魏向晚狡黠一笑,跳脫說道:“王爺,你難道就沒想過一個問題!”
“太後她老人家,在妾身三歲時就見過妾身,並賜下了那串念珠!”
“妾身如果一直都是這副尊容,她老人家又怎麼會為我們兩人立下婚約?皇室的顏麵,還要不要了?”
“家父是什麼人?權傾朝野的宰相,那是視名聲比自己性命都還重要的人!”
“有如此醜陋的女兒,又怎麼可能這般偏愛,由著我想做什麼,就做什麼呢!”
允寧不由被魏相的城府,嚇得打了個寒顫。
清冷的說道:“姑娘有如此美貌,卻非要扮醜!”
“魏相心思之深,布局之遠,更在小王想象之上!”
魏向晚重新貼上胎記,滿心委屈的說道:“王爺,你說的輕巧!”
“殊不知,女子的美貌也是一種罪過!”
“若不扮醜,必有無數人為名為利,前往相府提親,你讓父親如何拒絕!”
“我就算是這般模樣,這些年提親之人也是絡繹不絕,都被父親以容貌問題拒絕了!”
“他們如若再強求,那就是居心不良了,父親便更不會同意!”
允寧毫不留情麵的說道:“魏小姐說的無辜,實則魏相也是在待價而沽!”
“若是本王有所成就,並非外界傳聞的貪財好色一無是處的二世祖,魏相就會履行諾言!”
“若是本王狗屁不是,魏相既可以假裝沒有念珠之事,也可以借口容貌之事推脫!”
“事後,更是可以借口找了名醫治好了魏小姐,再為小姐尋找一門好的親事!”
魏向晚也並沒有否認,隻試探說道:“王爺,取了定顏丹,咱們就離開吧!”
允寧看著兩具屍體,也被天魔真君的癡情所感動。
輕歎說道:“算了,定顏丹就不要了。”
“天魔真君到死,都沒有逾越規矩半步,就幫幫他們二人吧!”
將兩具屍體放到床上之後,死門對麵的生門突然大開,隱約露出光亮。
兩人俱是大喜,對著二人三拜之後,由生門退走!
尋著光亮的方向,又走了不知多久,終於走出地宮。
來到上麵,才發現正是鬼市另一處不起眼的小島!
允寧幾次進入鬼市,對裡邊的門門道道,可謂是十分清楚。
找了一處客棧,兩人一番梳洗,簡單治療之後,戴上麵具,搖身一變,變成了遊玩采買的客人!

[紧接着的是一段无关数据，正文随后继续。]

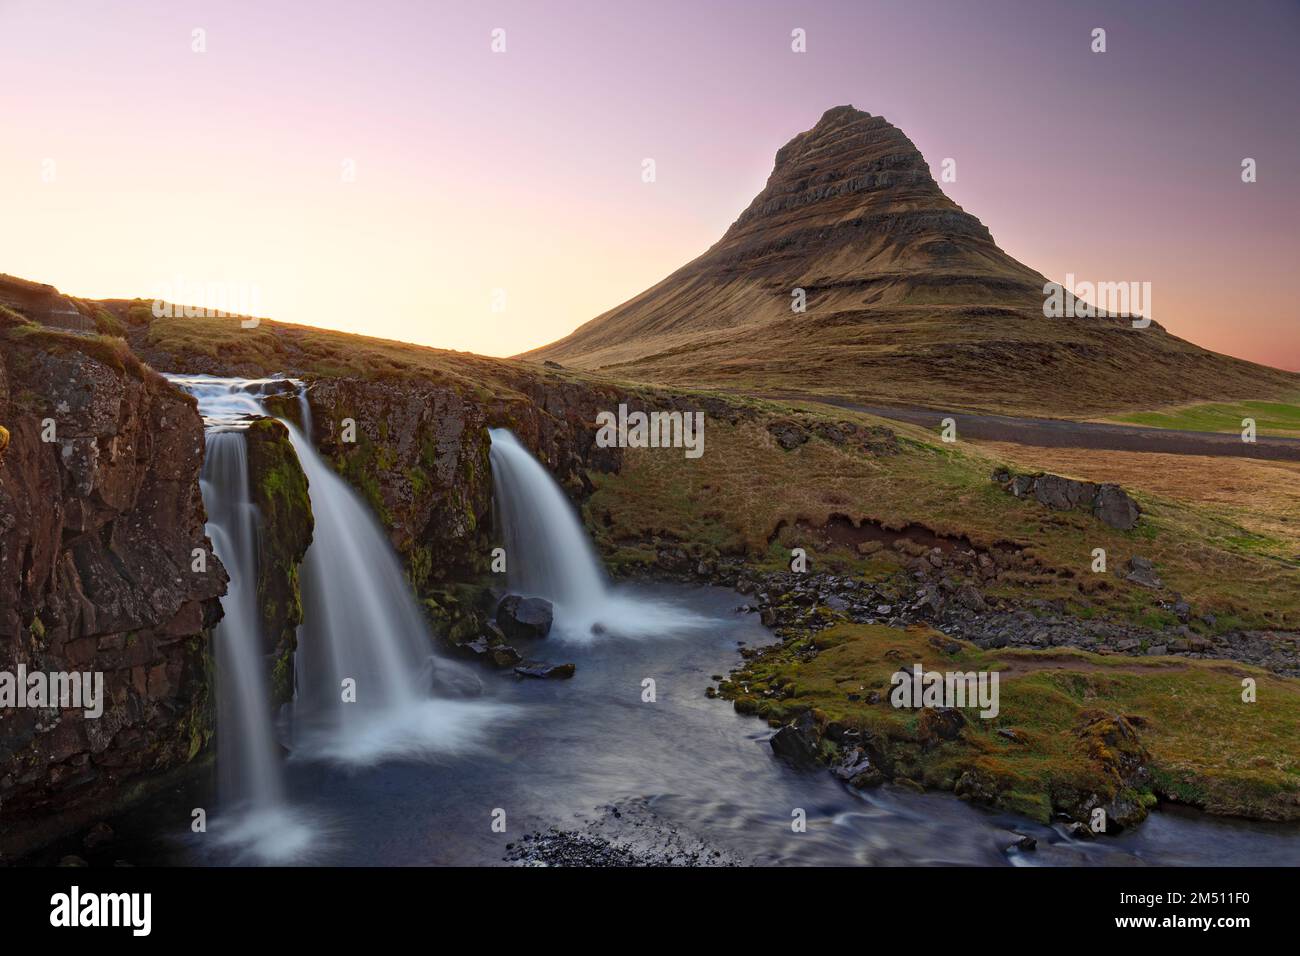 Montagne Kirkjufell, montagne contre ciel clair et chute d'eau en premier plan, région occidentale, Islande Banque D'Images
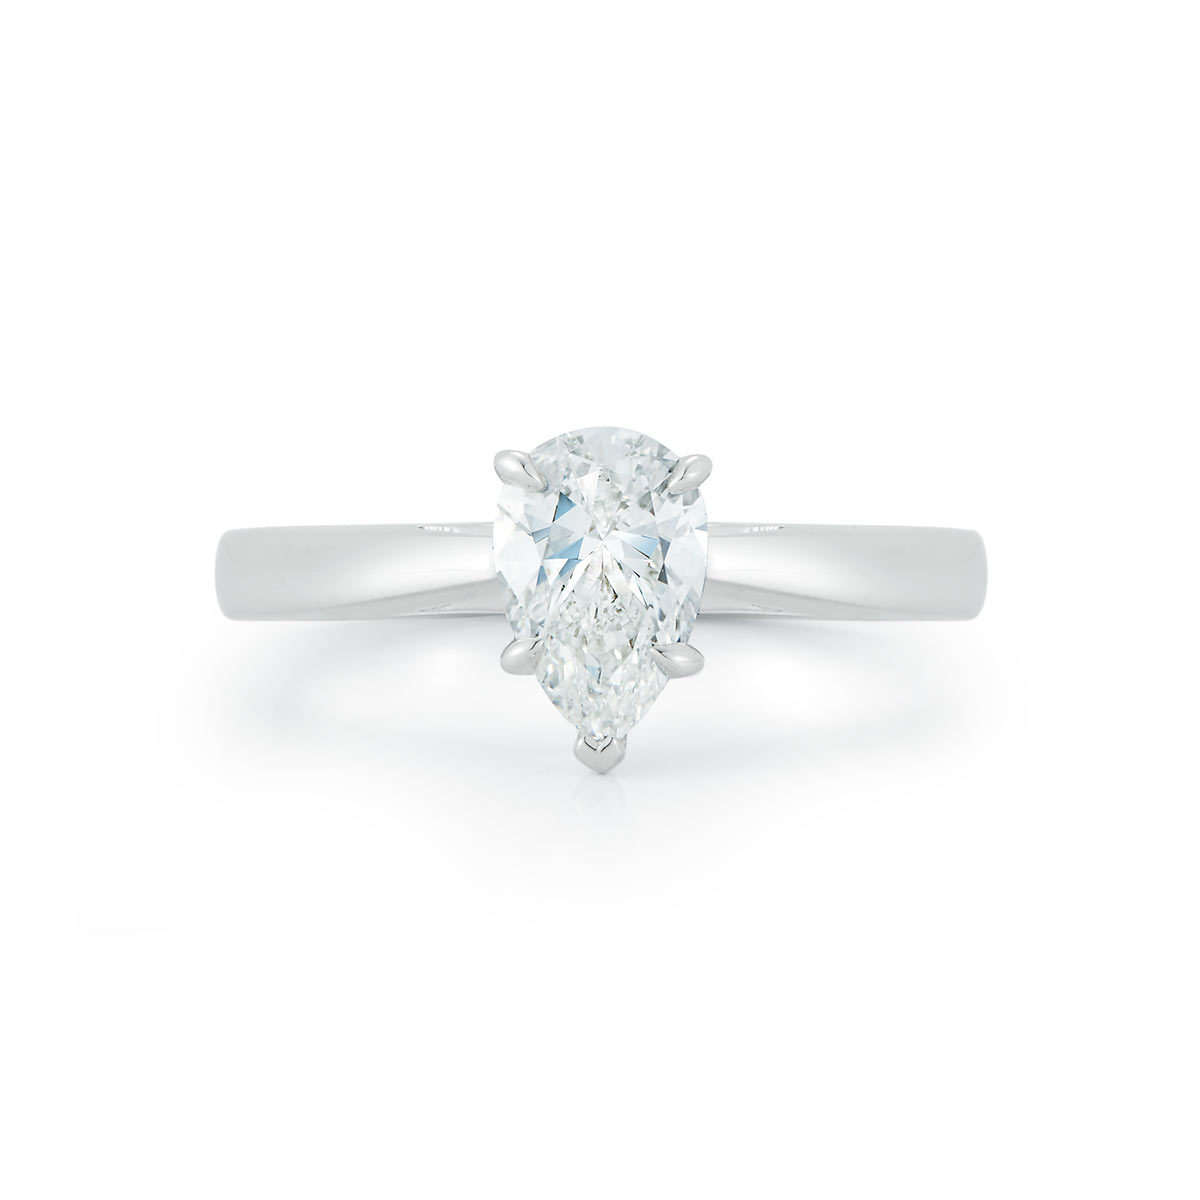 1.0ct Pear Cut Diamond Solitaire Ring, Platinum

找人一打聽才知道,二人在地宮之中,已待了一天時間,這已經是第二天了。
兩人都是被伺候的主,換了衣服之後,身上一點散碎銀子都沒了。
兩人奮鬥一夜,早已餓的肚子咕咕叫了!
允寧無奈說道:“魏小姐,丹藥既然沒有用了,還是拿出來換幾個銀子吧!”
魏向晚輕笑說道:“王爺,妾身也餓了!不過,丹藥珍貴還是留著吧,說不定哪天就用了,我想辦法請你吧!”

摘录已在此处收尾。